### [Description of the task]
Return the data that follows exactly as it appears. Pictures do not belong in the copy.

Segment Start: Collected data

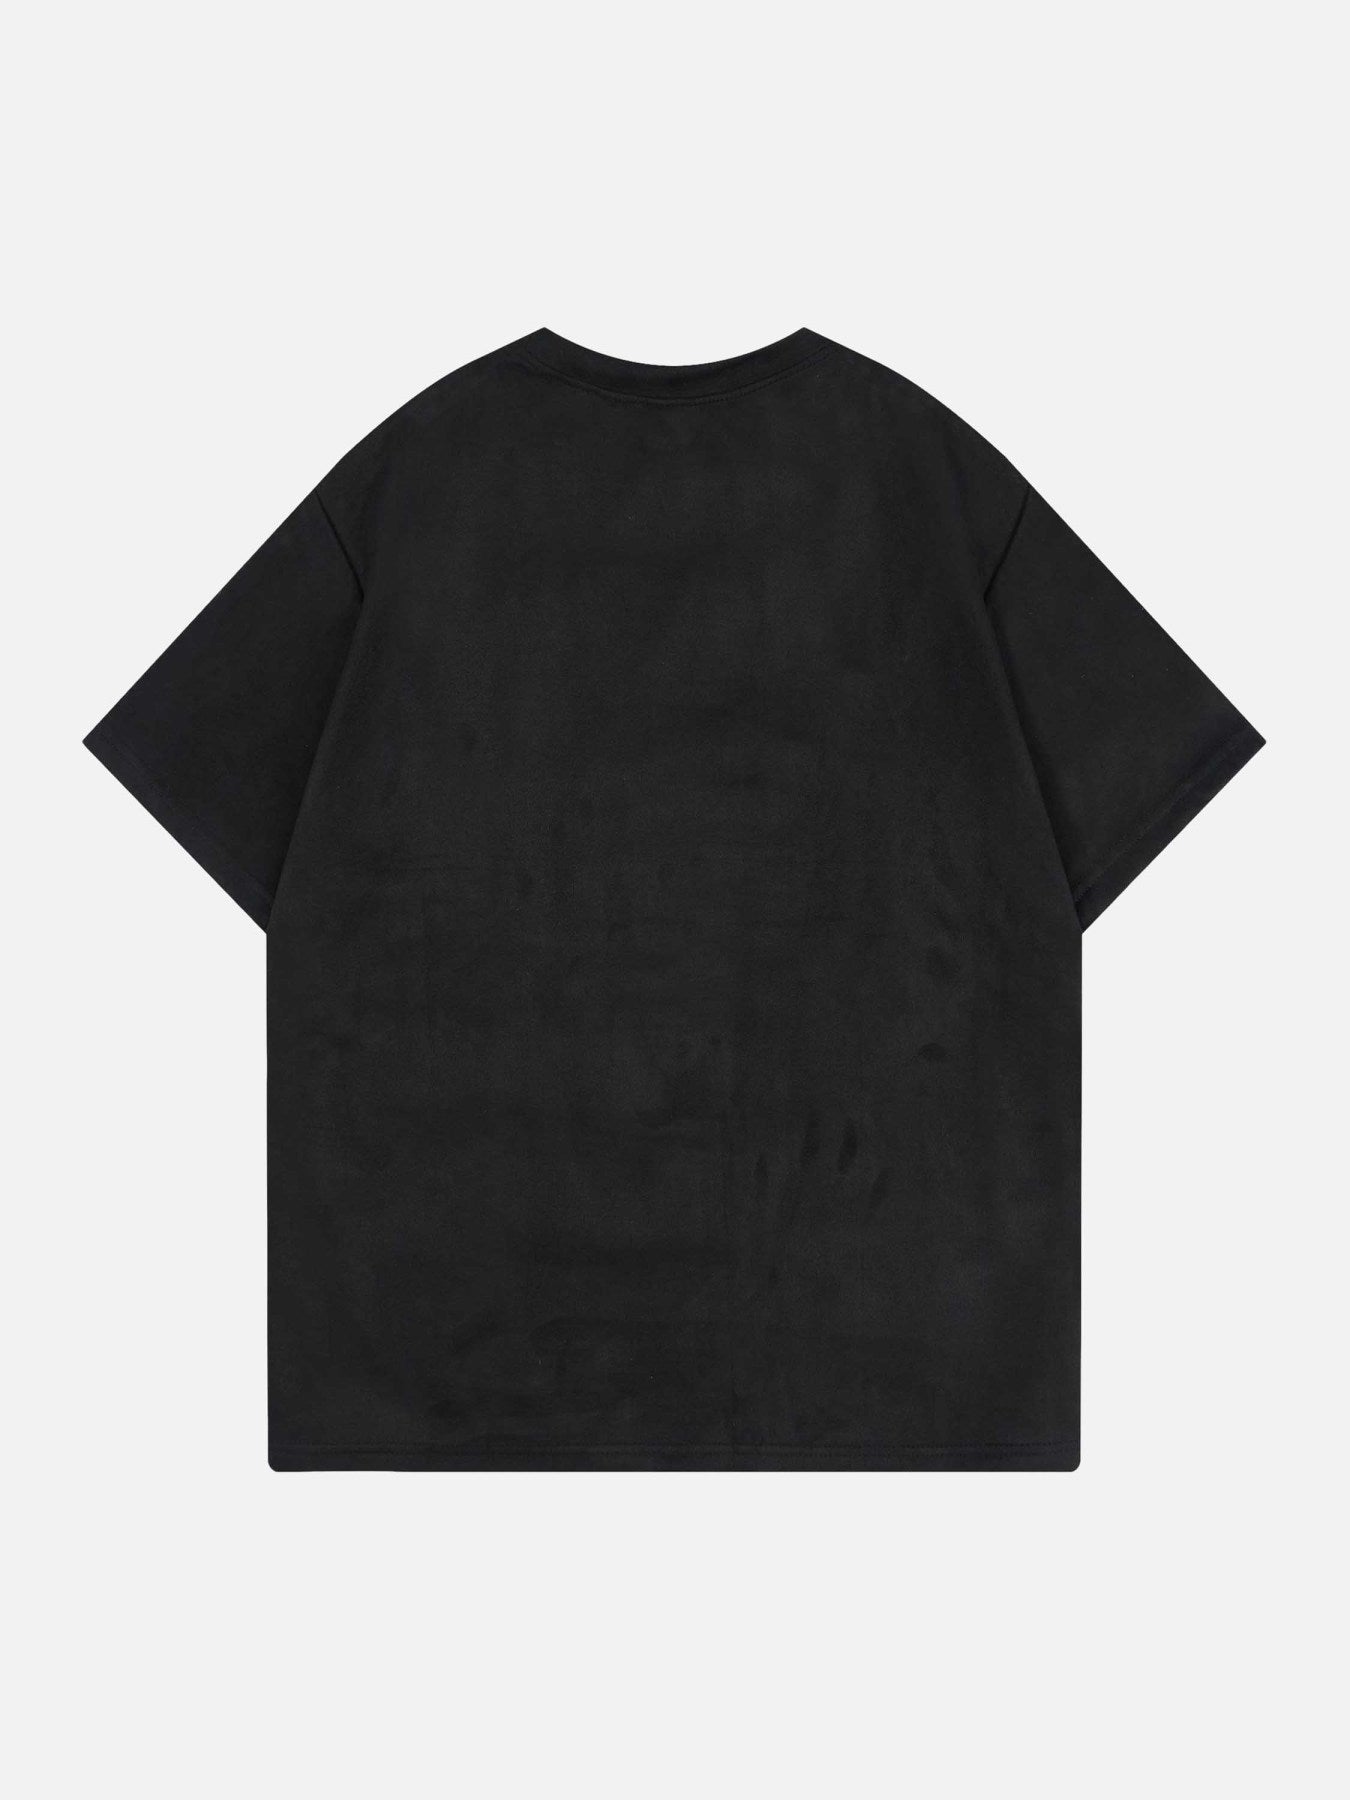 The Supermade Loose Suede Split Print T-shirt
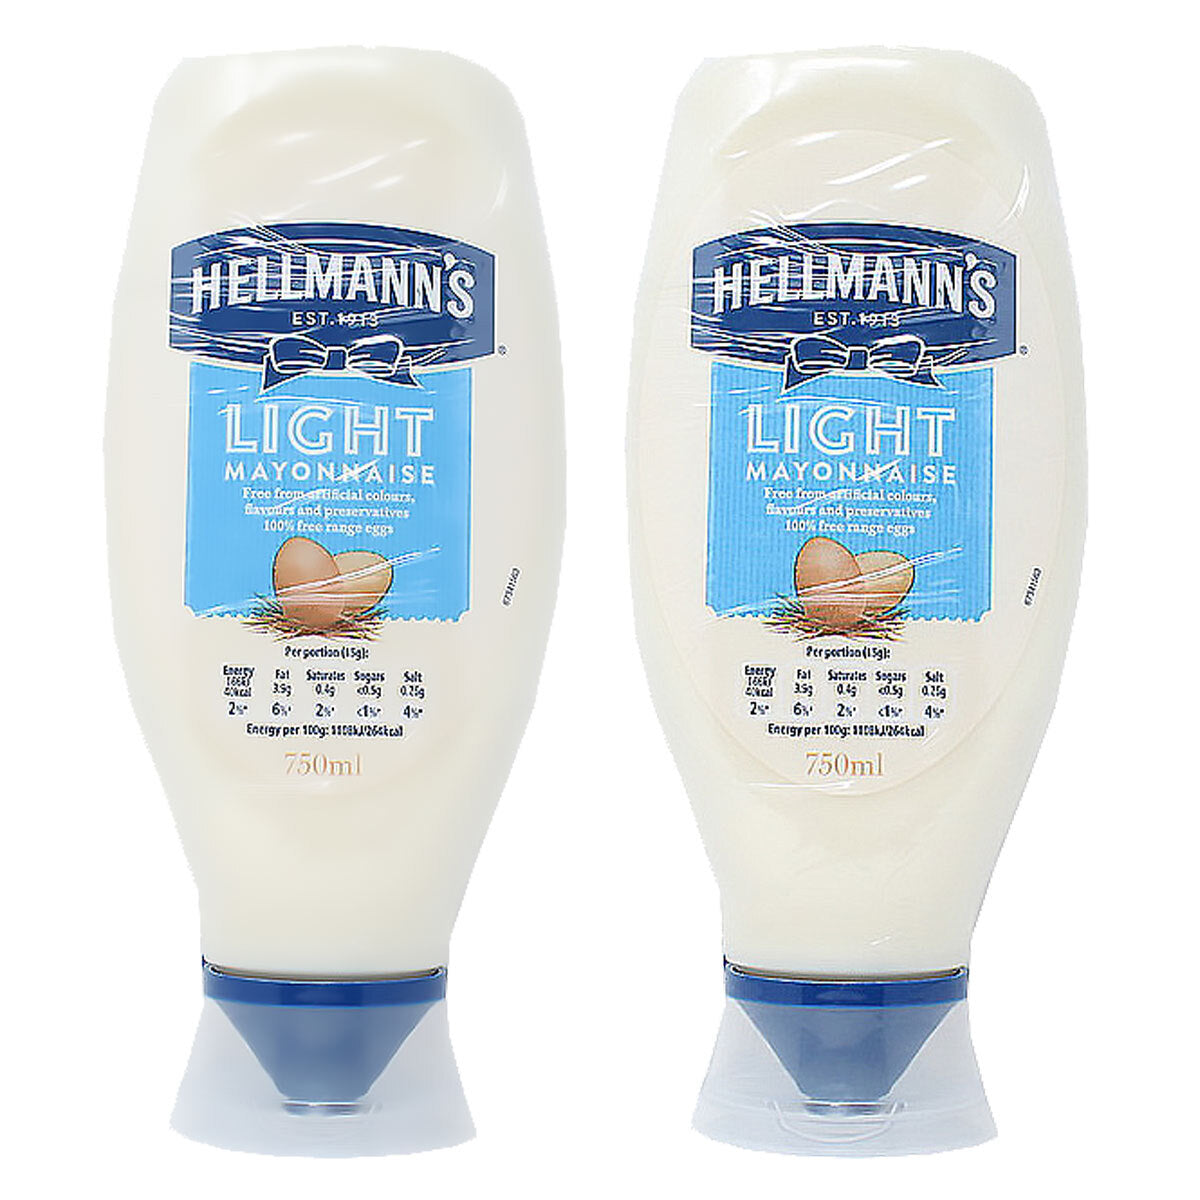 Hellmann's Light Squeezy Mayonnaise, 2 x 750ml Spreads Costco UK weight  
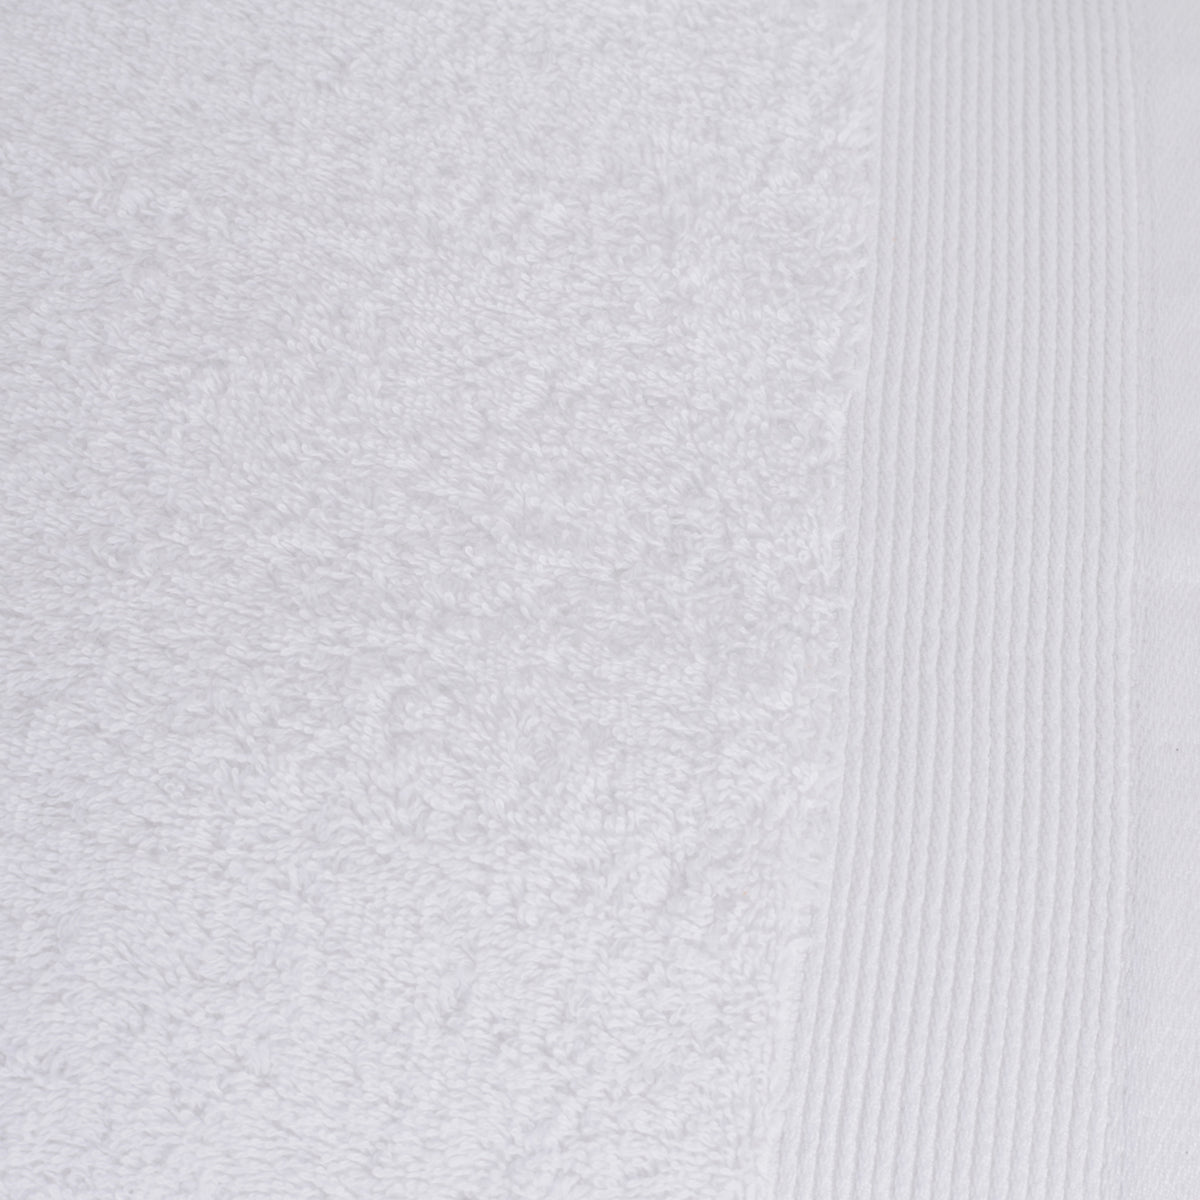 Embedded Stripe 550 GSM Antimicrobial Antifungal Super Cotton Absorbent & Soft Towel

Segment End: Collected data

### [Answer]
 The Supermade Loose Suede Split Print T-shirt
 Hellmann's Light Squeezy Mayonnaise, 2 x 750ml Spreads Costco UK weight  
 Embedded Stripe 550 GSM Antimicrobial Antifungal Super Cotton Absorbent & Soft Towel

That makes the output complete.